In 1943, Congress repealed the Chinese Exclusion Act, a law limiting the number of Chinese immigrants allowed to enter the country. As a result, immigration from China increased over the next several years. When these immigrants arrived, especially after World War II and in the 1950s, they were met by an American society that valued conformity and prioritized economic prosperity. After 1965, when Congress amended the Immigration and Nationality Act of 1952 to allow more immigration from Asia, the number of Chinese immigrants again rose. Concurrently, residents of Chinatowns who could afford to move were decamping for the American suburbs, where there was more pressure to assimilate to a white, middle-class way of life. Ralph Chang’s struggle to balance these values against his own Chinese heritage throughout “In the American Society” can be understood against this social context.

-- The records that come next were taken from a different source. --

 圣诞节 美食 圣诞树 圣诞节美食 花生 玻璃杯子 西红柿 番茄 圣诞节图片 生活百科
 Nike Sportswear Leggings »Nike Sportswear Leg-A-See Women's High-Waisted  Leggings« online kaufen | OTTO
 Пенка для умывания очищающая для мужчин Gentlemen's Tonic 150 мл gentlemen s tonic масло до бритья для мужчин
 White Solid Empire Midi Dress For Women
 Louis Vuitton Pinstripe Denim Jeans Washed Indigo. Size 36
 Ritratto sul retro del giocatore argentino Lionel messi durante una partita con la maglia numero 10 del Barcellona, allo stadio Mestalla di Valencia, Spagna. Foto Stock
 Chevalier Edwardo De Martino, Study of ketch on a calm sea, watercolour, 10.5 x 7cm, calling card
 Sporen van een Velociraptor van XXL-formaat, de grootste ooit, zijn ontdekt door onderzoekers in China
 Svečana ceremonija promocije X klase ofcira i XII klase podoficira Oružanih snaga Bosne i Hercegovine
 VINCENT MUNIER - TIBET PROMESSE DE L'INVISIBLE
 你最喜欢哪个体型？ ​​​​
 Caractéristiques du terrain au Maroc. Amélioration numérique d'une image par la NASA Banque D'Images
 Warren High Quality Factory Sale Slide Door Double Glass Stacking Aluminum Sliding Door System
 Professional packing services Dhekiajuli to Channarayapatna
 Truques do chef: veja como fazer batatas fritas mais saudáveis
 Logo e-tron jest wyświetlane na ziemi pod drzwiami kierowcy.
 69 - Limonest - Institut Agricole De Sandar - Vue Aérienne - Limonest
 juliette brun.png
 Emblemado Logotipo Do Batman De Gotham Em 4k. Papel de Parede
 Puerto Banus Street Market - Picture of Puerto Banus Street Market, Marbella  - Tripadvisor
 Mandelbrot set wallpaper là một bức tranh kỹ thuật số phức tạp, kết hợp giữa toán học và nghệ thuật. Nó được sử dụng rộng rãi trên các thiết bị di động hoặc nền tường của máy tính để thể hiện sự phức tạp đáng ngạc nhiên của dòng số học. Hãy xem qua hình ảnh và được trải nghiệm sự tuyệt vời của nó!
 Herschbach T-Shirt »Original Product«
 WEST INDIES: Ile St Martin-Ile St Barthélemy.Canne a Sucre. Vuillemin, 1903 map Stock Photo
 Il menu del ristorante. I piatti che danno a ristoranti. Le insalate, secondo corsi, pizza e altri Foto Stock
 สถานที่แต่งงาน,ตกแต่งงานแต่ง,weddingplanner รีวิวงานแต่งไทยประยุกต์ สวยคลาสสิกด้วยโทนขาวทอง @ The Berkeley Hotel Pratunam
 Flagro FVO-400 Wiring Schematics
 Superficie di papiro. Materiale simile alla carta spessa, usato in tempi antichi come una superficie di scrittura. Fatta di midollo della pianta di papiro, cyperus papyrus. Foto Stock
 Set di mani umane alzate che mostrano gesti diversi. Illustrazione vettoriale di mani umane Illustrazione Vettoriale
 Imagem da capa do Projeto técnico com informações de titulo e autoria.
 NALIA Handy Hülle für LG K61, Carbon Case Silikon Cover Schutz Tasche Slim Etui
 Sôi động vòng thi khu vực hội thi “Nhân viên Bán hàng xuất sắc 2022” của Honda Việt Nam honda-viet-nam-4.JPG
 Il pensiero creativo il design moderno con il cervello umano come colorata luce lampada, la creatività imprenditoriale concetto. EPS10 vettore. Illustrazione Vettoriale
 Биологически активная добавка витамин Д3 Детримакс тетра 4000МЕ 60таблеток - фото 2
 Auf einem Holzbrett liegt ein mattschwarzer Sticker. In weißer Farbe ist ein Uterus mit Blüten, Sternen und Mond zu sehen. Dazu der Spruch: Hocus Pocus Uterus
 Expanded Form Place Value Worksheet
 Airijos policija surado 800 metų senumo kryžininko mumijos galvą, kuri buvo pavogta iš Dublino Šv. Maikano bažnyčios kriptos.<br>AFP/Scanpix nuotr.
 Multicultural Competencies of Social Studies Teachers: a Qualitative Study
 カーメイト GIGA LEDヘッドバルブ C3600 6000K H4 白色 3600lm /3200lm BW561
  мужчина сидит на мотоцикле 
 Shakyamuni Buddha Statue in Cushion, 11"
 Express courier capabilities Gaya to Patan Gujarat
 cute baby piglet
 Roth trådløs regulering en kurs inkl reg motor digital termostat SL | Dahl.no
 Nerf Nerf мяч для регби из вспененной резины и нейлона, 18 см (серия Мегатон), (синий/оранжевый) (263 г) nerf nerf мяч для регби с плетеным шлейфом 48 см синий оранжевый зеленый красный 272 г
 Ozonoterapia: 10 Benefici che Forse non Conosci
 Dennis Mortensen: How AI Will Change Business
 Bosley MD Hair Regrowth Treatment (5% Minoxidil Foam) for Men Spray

Other Books Related to In the American Society

Gish Jen’s writing is frequently viewed in the context of Chinese-American cultural heritage, and her first two novels—Typical American and Mona in the Promised Land—show Chinese-American characters contending with their American surroundings. Critics often cite Amy Tan, author of The Joy Luck Club, Chang-Rae Lee (Native Speaker), and Mae Ng (Eating Chinese Food Naked) as Asian-American writers interested in similar subject matter as Gish Jen. Another writer exploring the immigrant experience in the United States is Jhumpa Lahiri, whose Pulitzer-Prize-winning short story collection Interpreter of Maladies helped popularize the idea of immigrant stories and multiculturalism in fiction. According to Gish Jen herself, however, Jewish American authors have been most influential in her own development; she was exposed to authors like Grace Paley and Saul Bellow during her teenage years in Scarsdale, which has a significant Jewish population. Jen’s first novel Typical American shows structural similarities to Saul Bellow’s The Adventures of Augie March, and the concept of criminals teaching moral lessons to protagonists—as Booker and Cedric do to Ralph Chang in “In the American Society”—is also found in Bellow’s Herzog and Humboldt’s Gift.
Key Facts about In the American Society
  • Full Title: In the American Society
  • When Written: Mid-1980s
  • Where Written: United States
  • When Published: 1986
  • Literary Period: Contemporary
  • Genre: Short Story
  • Setting: Suburb in the Northeastern U.S.
  • Climax: When Jeremy confronts Ralph Chang at his party, yelling, “WHO ARE YOU?”
  • Antagonist: Jeremy Brothers
  • Point of View: First Person

Extra Credit for In the American Society

Recurring Characters. Ralph Chang, Mrs. Chang, Callie, and Mona reappear in multiple Gish Jen short stories and novels. The short story “In the American Society” became the basis for Jen’s novel-length exploration of Ralph Chang’s life, Typical American, and its sequel, Mona in the Promised Land. Callie and Mona appear across several of Jen’s stories in Who’s Irish?.

Name Change. In high school, Jen started going by “Gish” instead of “Lillian,” a reference to the American silent film actress Lillian Gish. Jen once expressed that the name “Lillian” didn’t fit her personality.